These parameters can be estimated by maximizing the likelihood function using nonlinear optimization algorithms. In the MZIP model, the term \({\beta }_{1}^{MZIP}\) quantifies the intervention effect on the overall mean outcome for the entire population, including those with structural zero values for the count outcome. Therefore, estimates from the MZIP model share the same interpretation as those from the NB model. This commensurate interpretation of the intervention effect from the MZIP and NB models makes it attractive when answering questions about whether and to what extent an intervention is effective across the entire population, especially for analysis of IPD from multiple studies. The feature of drawing inference for the entire population from the MZIP model can also help assess whether an intervention is efficacious because there is a single estimate rather than two separate, compartmentalized estimates for the intervention effect of interest. Since the MZIP model accommodates excessive zeros, it can be used along with the NB model in IPD meta-analyses where excessive zeros are present in some studies (see Fig. 1 for heterogeneous outcome distributions) while maintaining the equivalent interpretation of intervention effects across heterogeneous distributions.

Fig. 1
figure 1

Frequency distributions with theoretical distributions for number of drinks in a typical week. Note. Y-axis = Frequency. Outcome distributions at 1–3 months post intervention by study with two predicted probabilities from marginalized zero-inflated Poisson (MZIP) and negative binomial (NB) models. Descriptive statistics are shown in Table 2. MZIP models accommodate excess zeros and peaks of nonzero distributions in most studies. NB models underestimate zeros in many studies (e.g., studies 7.1, 7.2, 9, 19) and miss nonzero peaks in most studies. Study 12 had no zero value. Therefore, study 12 was fitted only with the negative binomial model

Brief Alcohol Interventions

Since the first launch of the Brief Alcohol Screening and Intervention for College Students (BASICS) in 1990, BAIs focus on personalized feedback provided in the nonjudgmental and supportive style of motivational interviewing (MI; Miller & Rollnick, 1991) have proliferated (Larimer et al., 2021). The initial BASICS programming has been adapted and modified for different populations and settings. While the modifications may be necessary developments to attend to local constraints, their impact on intervention effectiveness and, consequently, its public health impact is unclear (see Larimer et al., 2021 for greater detail). A methodological challenge lies at the heart of this issue. To evaluate and optimize BAIs, it is critical to have a credible overall effect size estimate as a benchmark. Estimating such an effect size benchmark has been challenging because alcohol outcomes often represent responses from a mixture of individuals within the same trial: those at high risk for alcohol misuse, occasional nondrinkers, and abstainers. Moreover, some intervention studies exclusively focus on heavy drinkers or abstainers, whereas others take a universal prevention approach. Such study-level differences give rise to different outcome distributions, which are analyzed differently and sometimes less optimally by original investigators in primary studies.
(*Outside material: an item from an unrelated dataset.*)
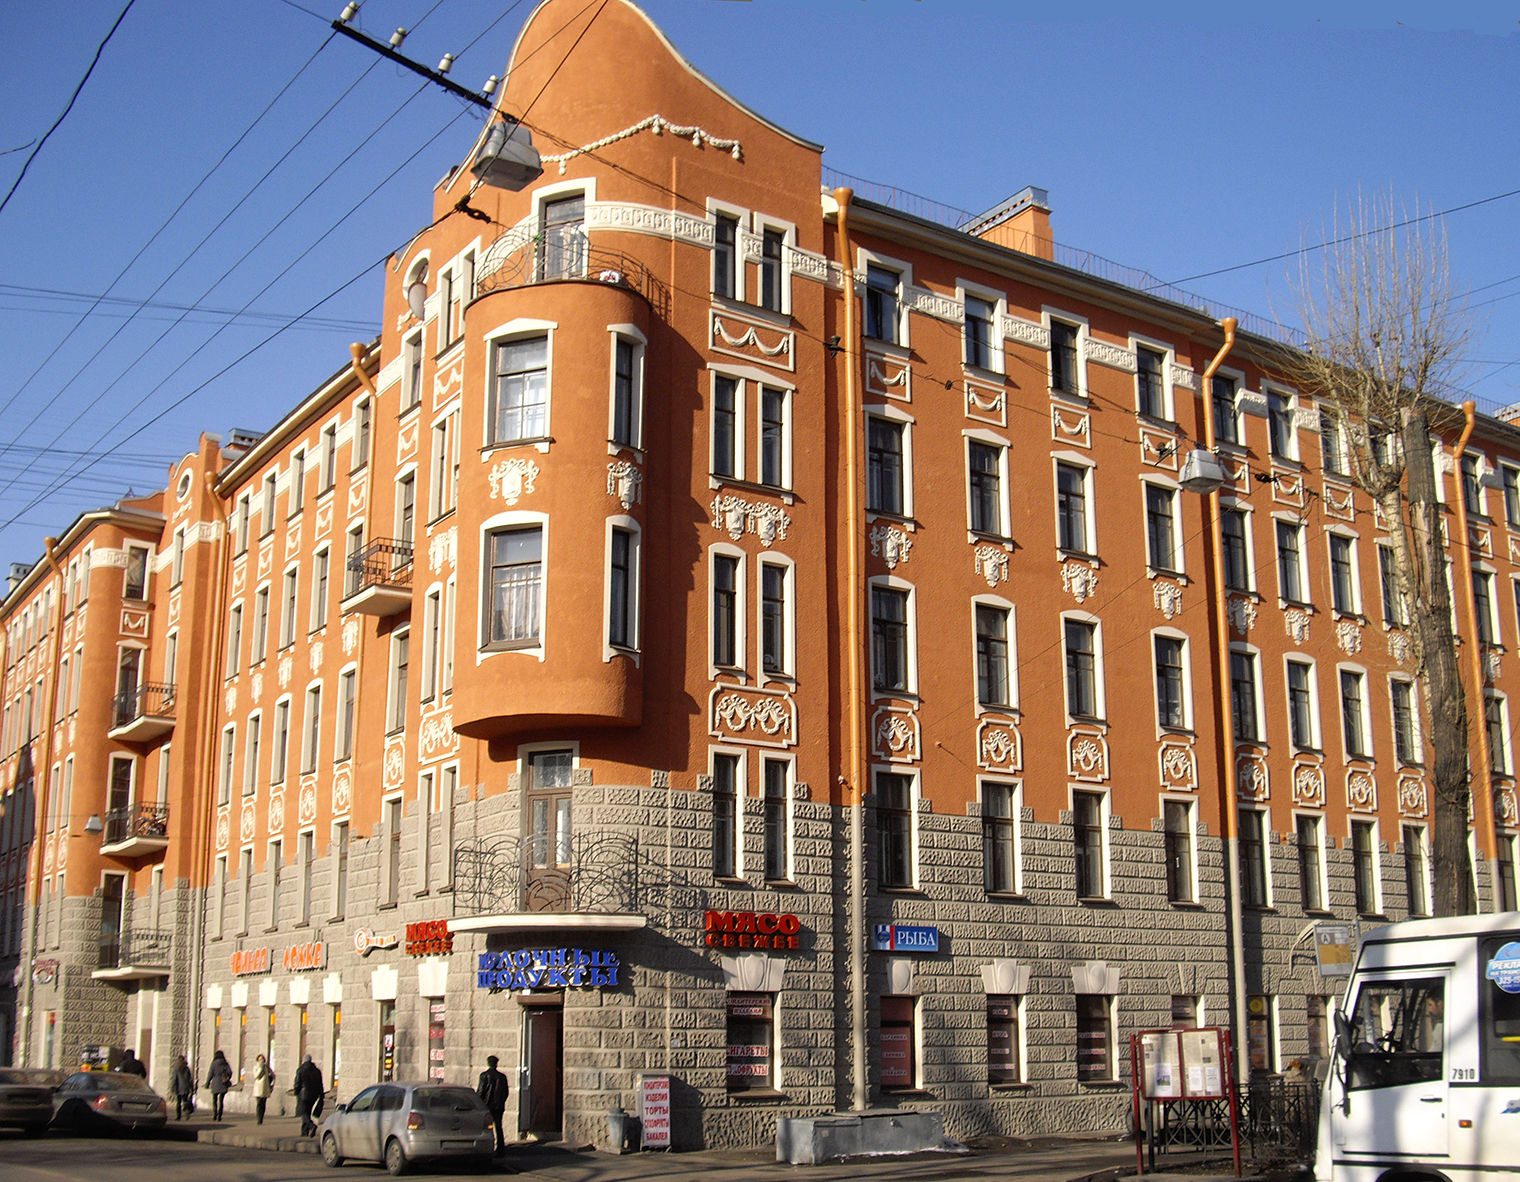 Вот так дом выглядит с улицы, парадная же находится справа. Фотография: Alexander Potekhin / Wikimedia Commons

Most BAIs analyze alcohol count outcomes as if they were normally distributed using analysis of variance or covariance (Tan et al., 2022b). Even when NB or ZIP models are appropriately used, the former produces one intervention effect estimate for the entire population, whereas the latter produces two effect estimates for two subpopulations. Therefore, it is challenging to pool data from multiple studies that may or may not have excessive zeros for synthesis. With IPD from original studies, outcomes can be analyzed appropriately and sequentially for each study and then pooled for synthesis. The current paper is aimed at providing better clarity about BAI effectiveness via the innovative application and demonstration of the MZIP model in combination with the conventional count model (i.e., NB) to produce a unified “overall” intervention effect estimate that accommodates studies with and without excessive zeros.
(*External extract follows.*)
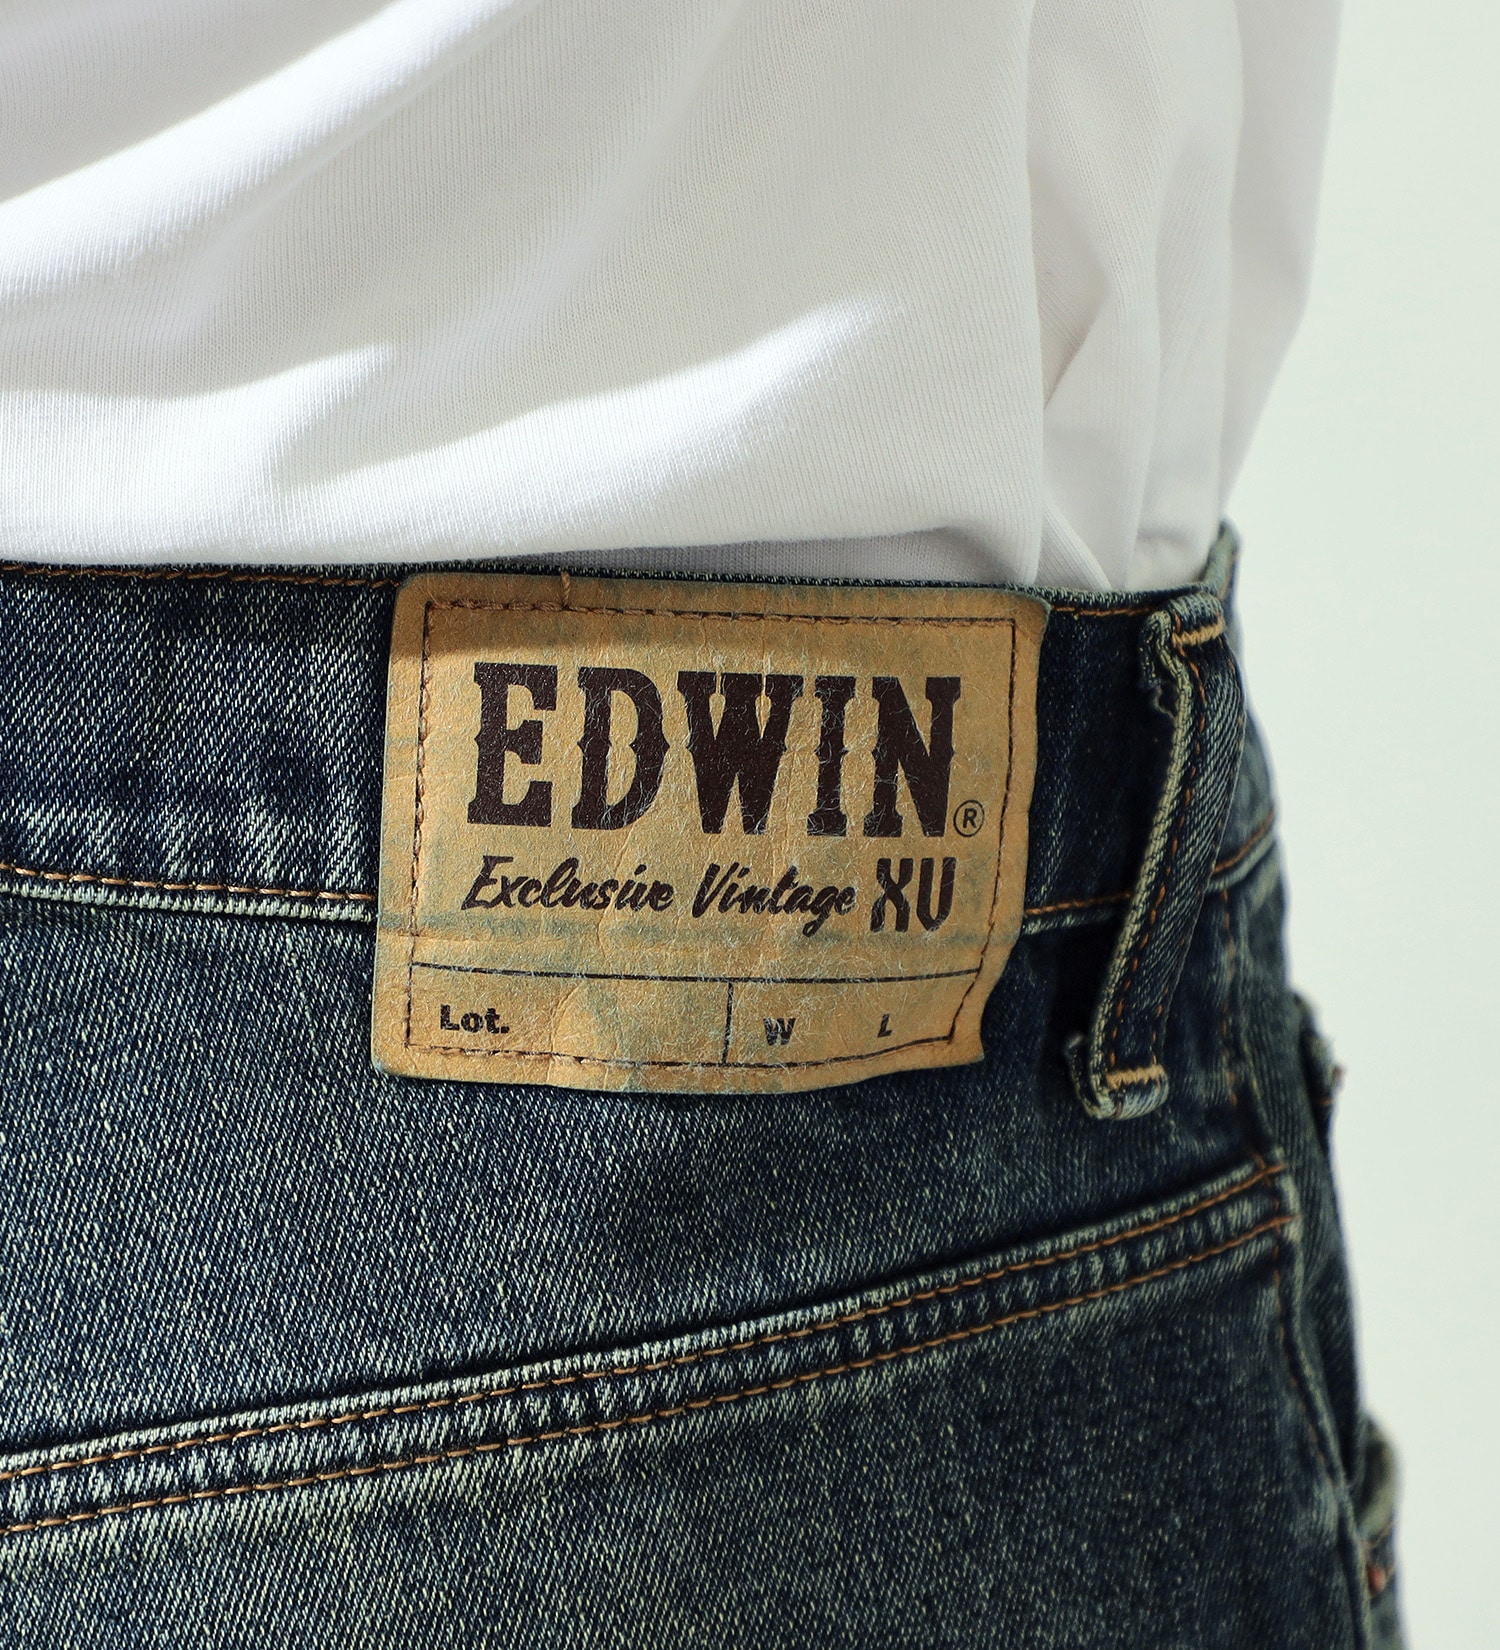 EDWIN(エドウイン)のXV ルーズストレートデニムパンツ|パンツ/デニムパンツ/メンズ|中色ブルー

The data come from Project INTEGRATE (Mun et al., 2015b), an ongoing large-scale synthesis study aimed at examining the comparative effectiveness of BAIs for reducing alcohol misuse among college students by utilizing IPD. All BAIs in the sample were delivered individually in person, in group, via mail, or computer/online. All BAIs were considered brief but differed in the content topics covered and levels of personalization (Ray et al., 2014). Of the 24 studies with available IPD (N = 12,630 participants) obtained from the original investigators, 19 studies met the following inclusion criteria: (a) at least two-arm randomized trials with a control or comparison group and (b) available outcome measures at baseline and a follow-up within 12 months post intervention (see Table 1 and Fig. 2). From the eligible 19 studies (N = 11,655 at baseline), unique interventions or non-randomized cohorts were further excluded, resulting in 10,260 participants from 19 studies at baseline (40.6% men, 73.0% White, 55.3% first-year students). Participants included in the current analysis had outcome data at 1–3 months, 6 months, or 9–12 months post intervention (N = 7,704, 38.4% men, 74.7% White, 58.5% first-year students).
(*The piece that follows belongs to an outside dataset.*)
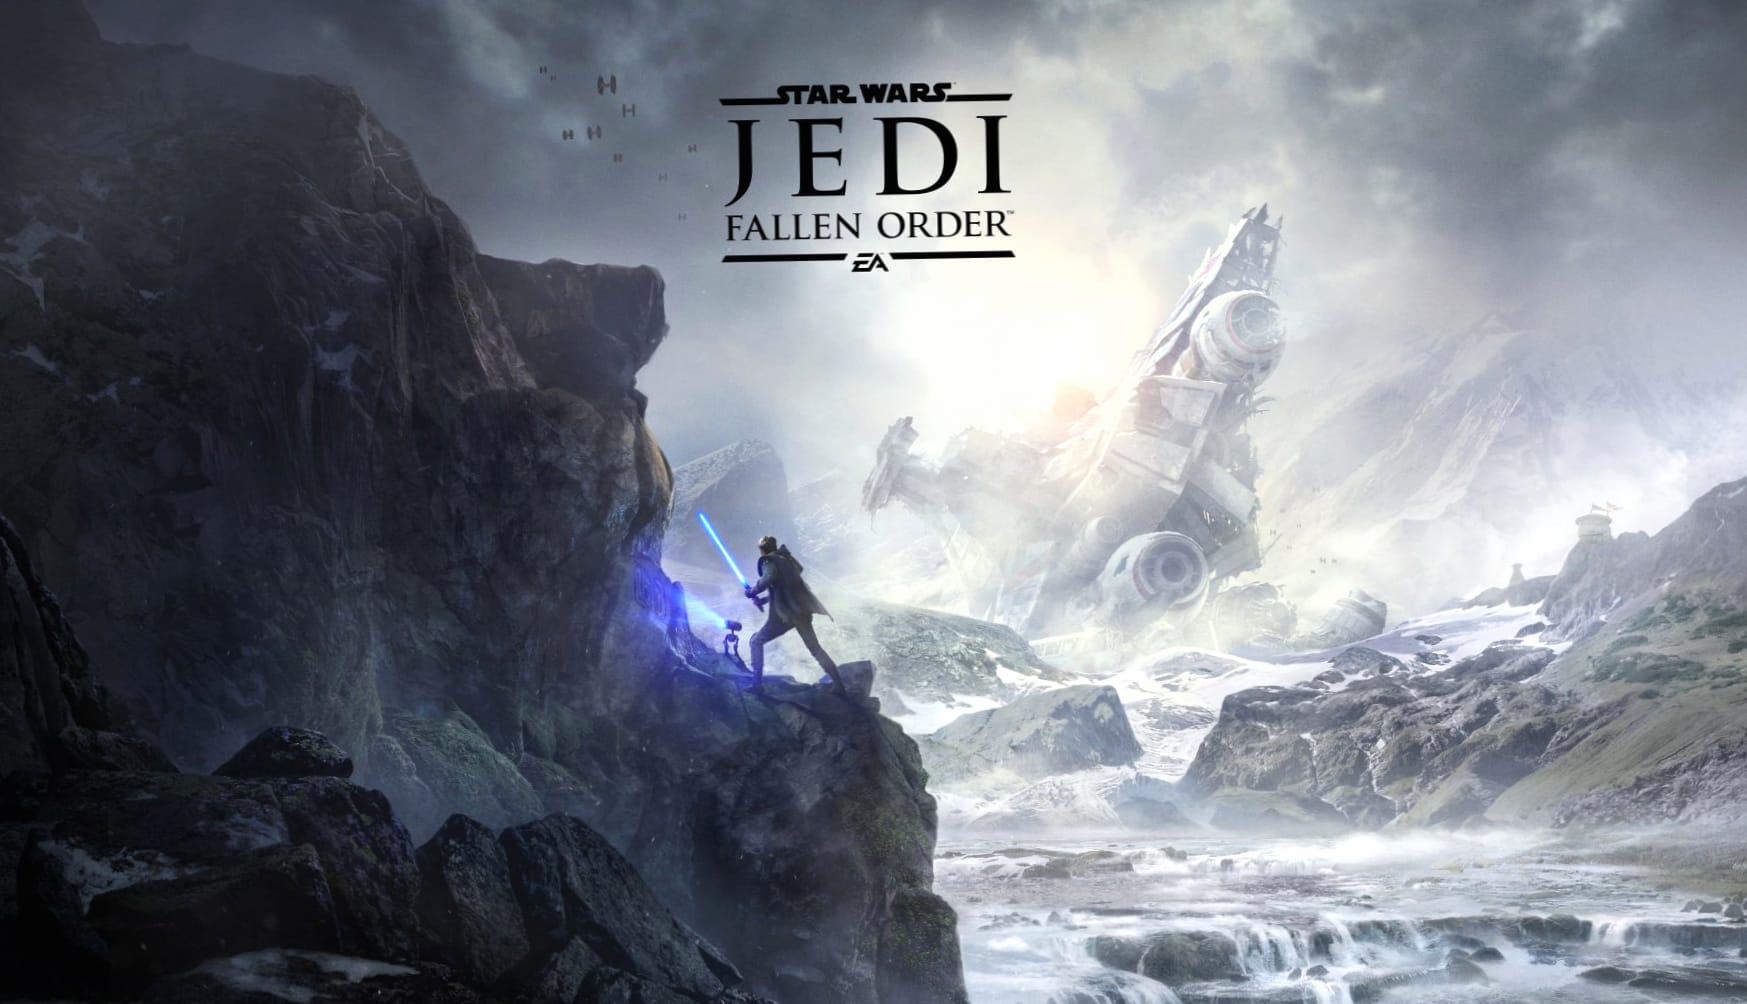 Star Wars Jedi Fallen Order at 2048 x 2048 iPad size wallpapers HD quality

Table 1 Descriptive statistics of participants by study and follow-up time point
Fig. 2
figure 2

PRISMA flow diagram for individual participant data

Intervention and Control

Of the 19 studies that met the inclusion criteria, 14 studies were two-arm trials, four studies (studies 9, 13/14, 21) were multi-arm trials, and one study had two subsamples (study 7), resulting in a total of 46 intervention arms: seven motivational interviewing with personalized feedback (MI + PF) interventions, six group motivational interviewing (GMI) interventions, ten stand-alone personalized feedback (PF) interventions, and 23 control groups (see Table 1). All intervention groups received both personalized and general/educational information about alcohol use, including alcohol quantity and frequency and descriptive drinking norms. In addition, all but one study (study 19) provided information on blood alcohol concentration (BAC) and intoxication. Seven studies (studies 4, 9, 10, 15, 16, 18, and 20) further provided information on the biphasic effects of alcohol.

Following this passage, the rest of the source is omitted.